Navigating Commercial Tenant Insolvency Risks: Top Tips for Rural Landlords
Posted by Knight Frank Newcastle on 15th July 2024 -
In the wake of a 14-year high in company insolvencies, rural landlords find themselves facing the repercussions as their commercial tenants struggle to stay afloat. The number of companies in England and Wales going bust in the six months to the end of September 2023, was the highest since 2009.
The landscape, once supported financially throughout the pandemic, is now marked by rising inflation, increased demand and borrowing costs, coupled with weakened consumer confidence.
Mark Topliff, Associate in Rural Research at Knight Frank, explains that during the Covid lockdowns, these companies had support to help keep them in business, including furlough, bounce back loans and some leniency from HMRC and lenders. Once these measures ended, businesses were struck by interest rates hitting their profit margins and their customers' pockets.
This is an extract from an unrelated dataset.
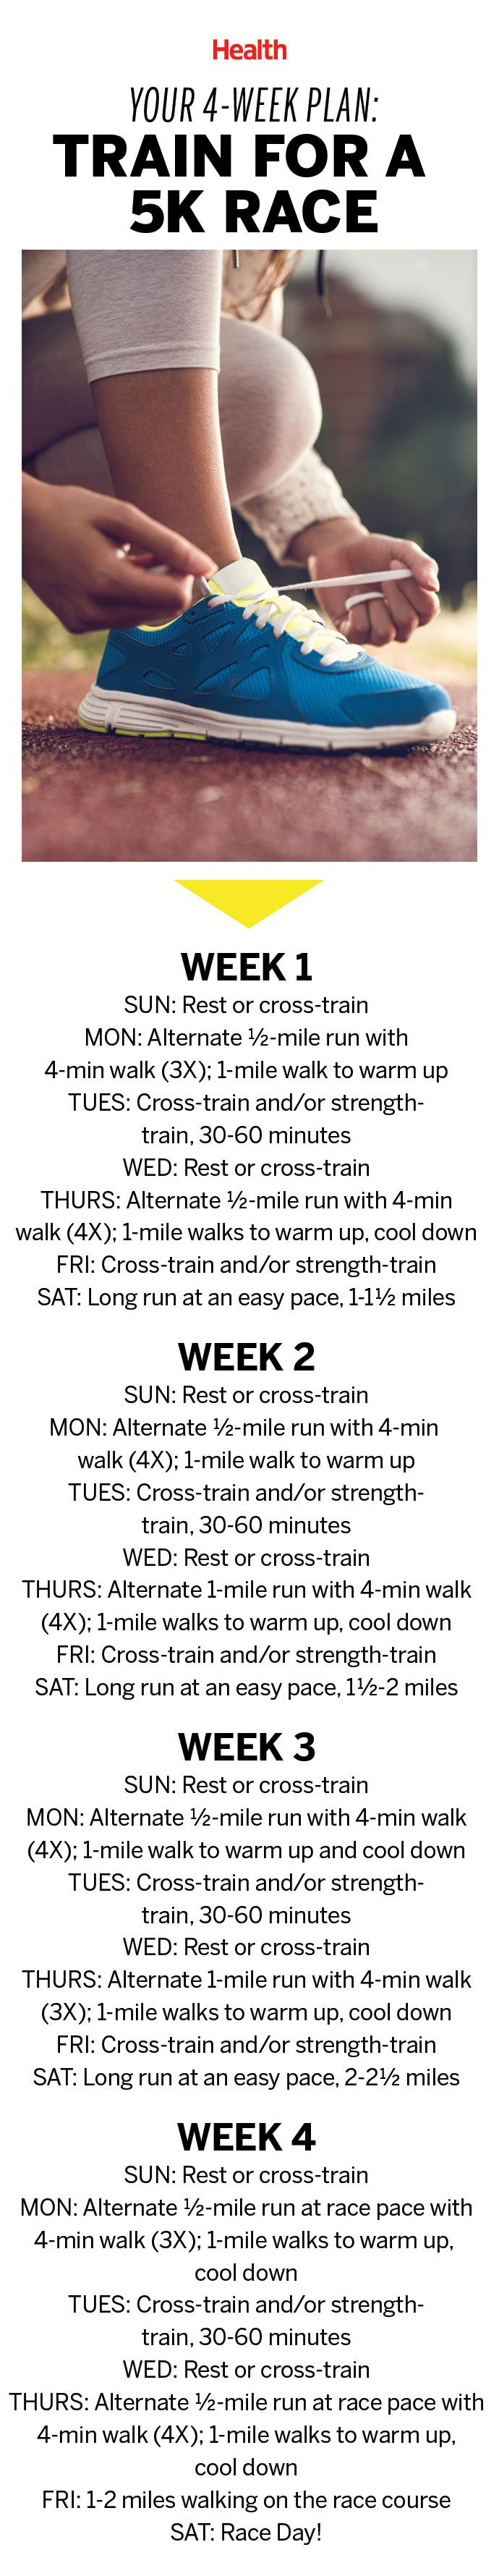 Best 5k training plan ideas on Pinterest

The impacts of tenant insolvencies are not just limited to retail, office and industrial spaces; they go beyond urban settings in major towns and cities. The rural property landscape, which is often thought of as being immune to economic turbulence, is also facing the repercussions. This is affecting farms and estates leasing property to commercial businesses, as well as new or small businesses, facing difficulties securing operating loans.
Although it isn't possible to completely avoid tenants becoming insolvent, John Williams, Consultant in Knight Frank’s Rural Consultancy team, offers six strategic recommendations that landlords can take to mitigate risks and protect their interests in the case of the firm going bust:
Vet Potential Tenants: Examine the financial background and business track record of potential tenants.
Secure Written Agreements: Establish clear terms and obligations through written agreements to avoid miscommunication.
Personal Guarantees: Obtain personal guarantees from tenants to recover debts from company directors or partners in case of insolvency.
Regular Tenant Engagement: Foster good relationships with tenants through regular reviews and communication.
Flexibility for Struggling Tenants: Be lenient within reason to assist struggling tenants in getting back on track.
Consider Lease Restructuring: In difficult situations, explore lease restructuring options, such as adjusting payment plans to accommodate cash flow.
Strategic Vacancy Management: Consider leaving a unit vacant if a suitable, reliable tenant cannot be found, as an empty unit is preferable to dealing with a problematic tenant.
What red flags should rural landlords watch out for?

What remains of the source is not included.